= Blackpool Racecourse =

Former racecourse in Lancashire, England

Blackpool Racecourse, also known as Clifton Park, was a horse racing venue in Blackpool, Lancashire.

It held England's first summer jumps race meeting, but though the owners had grand ambitions to capitalise on visitors to the town, it proved difficult to attract runners and the course closed shortly after the outbreak of the First World War.

==Location==
The racecourse was built on a large expanse of flat ground at Squires Gate airfield in South Shore. It had previously hosted air shows, but these came to an end when permission for the course was granted.

==History==
The first race meeting to be held in Blackpool had been a two-day flat meeting in the grounds of Layton Hall. This took place in late September 1865 and was repeated the following year, but permission for a permanent course was not granted until 1910.

This new course was to be for jump racing and was supported by prominent figures such as the Earl of Lonsdale. There were four shareholders in total, who brought in staff from Hurst Park to construct fences similar to the ones there. According to the West Lancashire Gazette the course was to be prepared "on a scale to compete with the highest class of steeplechase racing in France.” The architect was Robert Butcher Mather.

The first meeting took place on 1 August 1911, the first summer steeplechases ever held in England, and preceding the traditional opening of the jumps season at Newton Abbot. The first race was the Coronation Gold Cup. The organisers had hoped to attract the 1909 Grand National winner Lutteur III and the 1910 runner-up, Jerry M, but this did not happen. In the event, the opening race was won by a horse called Tokay, owned by a Mr J Langley. Despite the setback in terms of big name horses, the opening day crowd of 20,000 was the biggest seen at an event in the town since the previous year's aviation carnival.

Champion jockey Ernie Piggott rode a winner the following day in front of a slightly smaller crowd, and there was a similar attendance on the third day. The town's Gazette called the new venue "magnificent" and the meeting a “brilliant beginning.” The stylish attire of the attendees was said to outdo the Sunday morning parade on the North Pier.

The second meeting in September had a lower attendance, attributed to a railway strike preventing people arriving at nearby Squires Gate railway station. There were also smaller fields, including two walkovers and the Lytham Chase which had to be declared void after the two runners refused too many times.

The next meeting was in January 1912, followed by further ones in February, April and December, but all suffered similarly from small fields. The committee complained that management had wasted investment on disproportionately high prize money, which was consequently reduced, further exacerbating the shortage of entrants.

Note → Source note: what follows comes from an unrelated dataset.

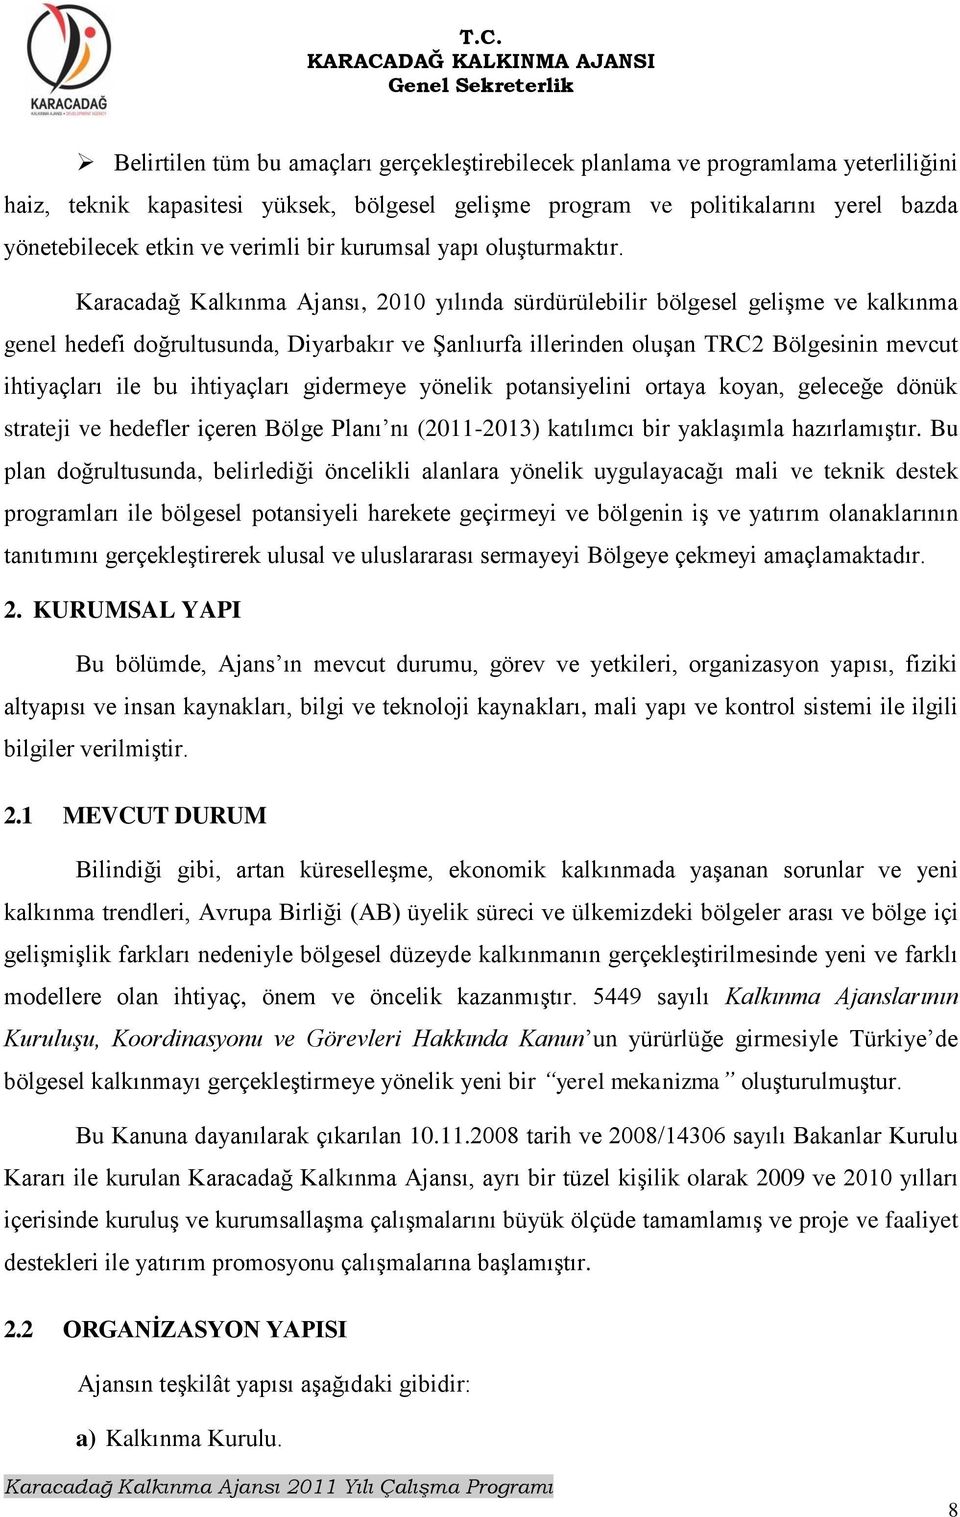 Karacadağ Kalkınma Ajansı, 2010 yılında sürdürülebilir bölgesel geliģme ve kalkınma genel hedefi doğrultusunda, Diyarbakır ve ġanlıurfa illerinden oluģan TRC2 Bölgesinin mevcut ihtiyaçları ile bu

There were two further meetings in 1914, but the course was now in financial difficulty and receivers had already been appointed. The outbreak of war meant the September 1914 meeting was cancelled. Racing did return for three days in 1915, although one day only attracted 15 runners for six races. The final meeting took place on 26 April 1915.

==Facilities==
The course's stands were state of the art, built of steel and concrete, and accommodated 25,000 people. The enclosures were sloped to maximise viewing. There was bright green and white palisading, fresh turf and banks of flowering plants. The facilities were admired, according to the local Gazette newspaper: The bar accommodation was described as "wonderful", and the sanitary arrangements as "excellent and good enough for anywhere."

==Layout==
The course was a flat, left-handed oval, about a mile and a half round. It had a 60 ft wide steeplechase course and a 75 ft wide hurdle track. Rather grandiosly, it was marketed as “the English Auteuil”.

==Legacy==
After the course closed, it was requisitioned by the military and used as a convalescent hospital, with a staff of 200 attending to up to 2,000 soldiers from the King's Lancashire Regiment.

The site returned to use as an airfield after the war, but the course grandstand remained and in 1950, the Stand Bar was used by the Blackpool & Fylde Glider Club. It decayed and fell down in 1960. After the Second World War, there was some discussion about bringing racing back and when Aintree’s future looked in jeopardy in the 1960s, Blackpool was suggested as a new home for the Grand National, but nothing came of it and the further expansion of Blackpool Airport on the land ended the possibility for good.

Horse racing did briefly return to the town when a trotting racecourse was developed at Highfield Road, opening on 6 April 1928, but this continued only into the early 1930s.